General Partnership/Joint Venture Flashcards
General Partnership
a- 2 or more persons
b- who agree expressly impliedly
c- to carry on as co-owners a business for profit.
NB: If the agreement is committed for more than a year it must be in writing.
Majority vote can make the law.
Types of business entities that can be formed without filling organizational documents with the state. ‘Pass Key’
General partnership or a Sole propertship.
Advantage easy to file
Disavantage: Unlimited liability
Difference between Joint Venture and General Partnerships
The general Partnership is an ongoing business. ‘Series of related transactions.’
The Joint Venture: Limited to a single transaction or project or a series of related transactions. ‘Not on going business’
business can be formed with only one individual owning the business
Sole Proprietorship, Limited Liability Company
In which type of business entity is the entire ownership interest most freely transferable?
Corporation
Among the business entities listed, entire ownership interests are most freely transferable in a corporation. Unless transferability is restricted by contract (restricted shares or voting trusts or voting agreements), there are no restrictions on the sale of corporate stock (the common stock represents the stockholders’ ownership interest). The right to transfer ownership interests freely is one of the advantages of the corporate form of business.
General Partneship ‘GP’ or Joint Venture
Unless they agree otherwise, they all have an legal right to share the profit and they’ll share losses the same way they share profit.
A joint venture is a(an):
A joint venture is an association of persons engaged as co-owners in a single (special transaction) undertaking for profit. A joint venture is treated as a partnership for most important legal respects.
A joint venture is treated as a partnership and not as a corporate enterprise. A joint venture must have a profit motive.
Fanny and John each own and manage their own companies. Fanny’s business is manufacturing freight boxes of all types, and John’s business is selling freight boxes to different industries. They decide to combine their expertise and knowledge to produce and sell freight boxes specifically designed for the new airline company that just formed in their city. Which of the following best describes the business formed by the parties?
A joint venture is formed for a single business undertaking such as building and designing freight containers to be sold specifically to one company. Each company coming together in this joint venture has its own business outside of this one endeavor.
Dissociation
Is a change in a relationship of the partners caused by any partner ceasing to be associated in the carrying of the business.
If a partner wrongfly dissociates they can be sued for breach of contract.
A dissociate partner remain liable for debts incurred by partnership prior to dissociation unless there has been 3
Limited liability partnership
An LLP does not pay taxes on its earnings. Instead, the profits and losses flow through to the partners as in a general partnership. The LLP files an informational tax return like that of a general partnership. The partners may agree to have the entity managed by one or more of the partners. A partner may be another entity.
Limited liability company (LLC)
A limited liability company (LLC) is taxed as a flow-through to the owners (members). All the owners have limited personal liability and are allowed to actively participate in the management of the business. Owners are not required to be U.S. citizens or residents.
S corporation
An S corporation is taxed as a flow-through to the owners (shareholders), and all the owners have limited personal liability and are allowed to actively participate in the management of the business.
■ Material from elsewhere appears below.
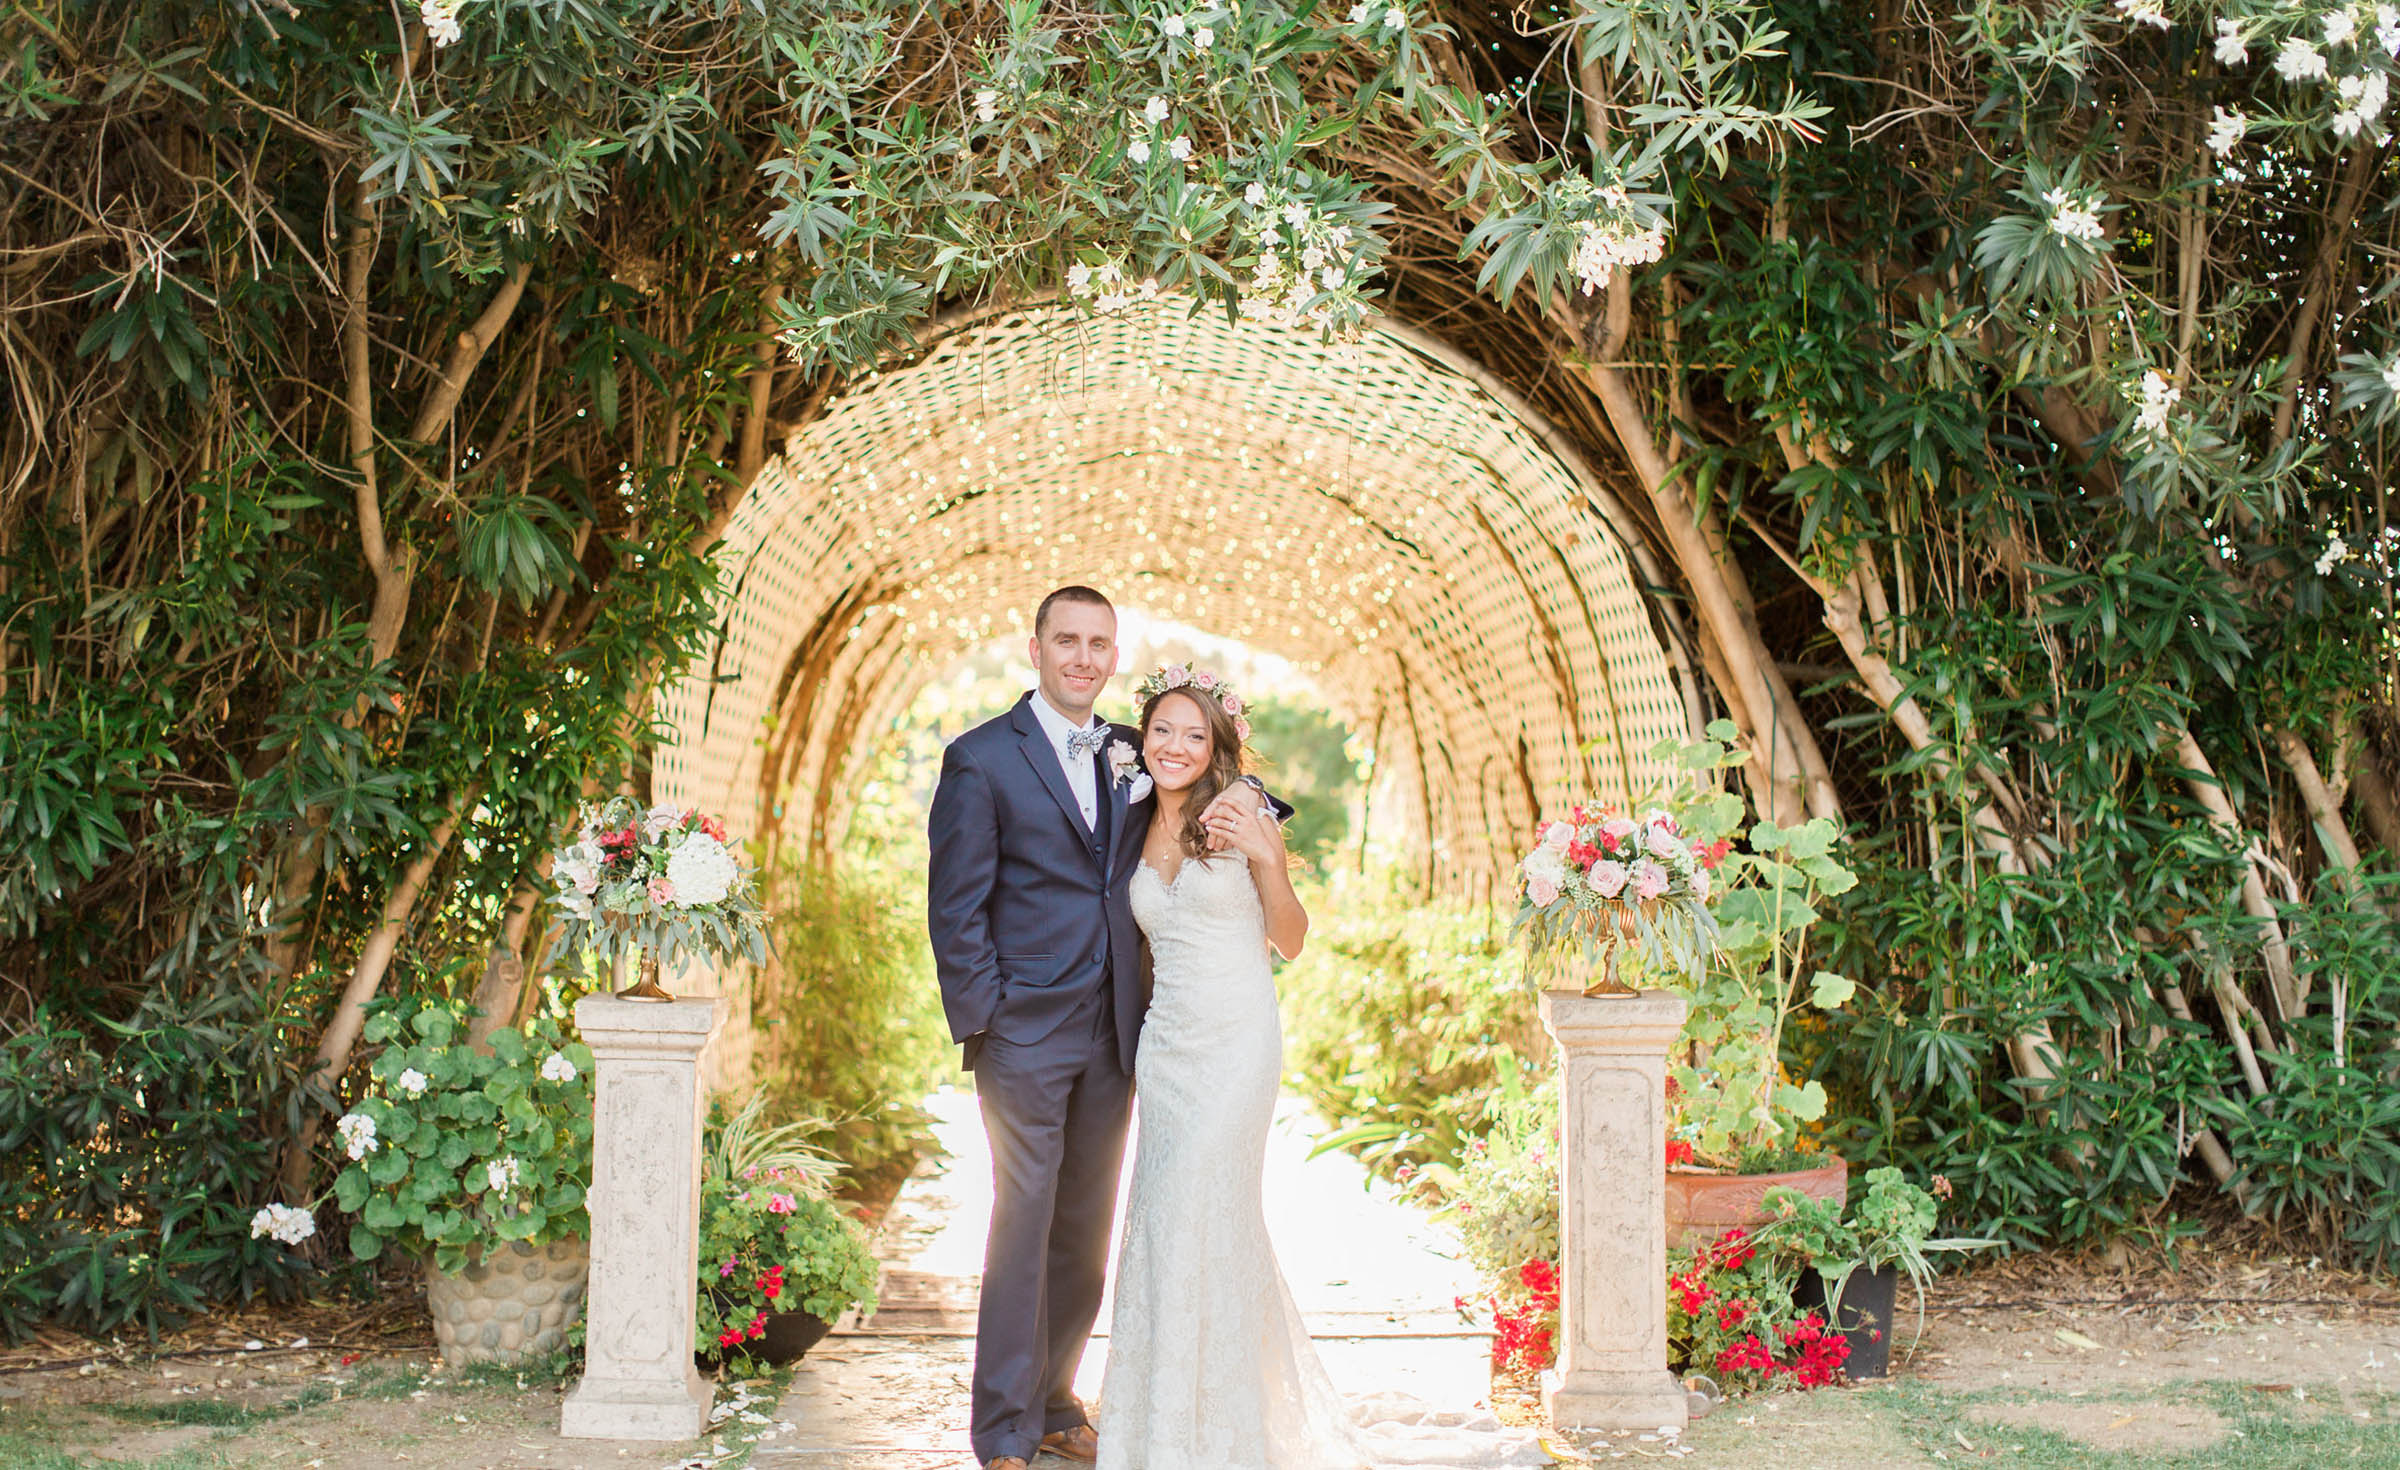 Twinkle lights tunnel  - Orchard - Menifee, California - Riverside County - Wedgewood Weddings

However, only U.S. citizens or residents can be shareholders in an S corporation. Since one of the owners is a resident and citizen of Australia, he or she would not be able to organize the business as an S corporation
A limited partnership (LP)
A limited partnership (LP) is taxed as a flow-through to the owners (shareholders). Owners are not required to be U.S. citizens or residents. However, in a limited partnership there must be at least one limited partner and one general partner. The limited partner has limited personal liability but is not allowed to actively participate in management. The general partner is allowed to actively participate in management but does not have limited personal liability. In this situation, only one owner could have limited liability but could not participate in management of the business, and the other owner could participate in management of the business but would have personal liability for partnership debts.
C corporation
All the owners (shareholders) of a C corporation have limited personal liability and are allowed to actively participate in the management of the business. Shareholders are not required to be U.S. citizens or residents. However, a C corporation is not taxed as a flow-through entity. The corporation’s income is taxed at the corporation level and then taxed again to shareholders when dividends are distributed.
A partnership
is an agreement between two or more persons to carry on as co-owners of a business for profit; partners share management and profits and losses, not gross receipts.
Which of the following is not necessary to create an express partnership?
Execution of a written partnership agreement.
A written partnership agreement, while certainly desirable, is not usually necessary to form a valid partnership; partnership agreements are not normally subject to the statute of frauds.
A partnership is an association of two or more persons who agree to carry on as co-owners of a business for profit. Thus, an intent to carry on a business for a profit is a requirement for creating an express partnership.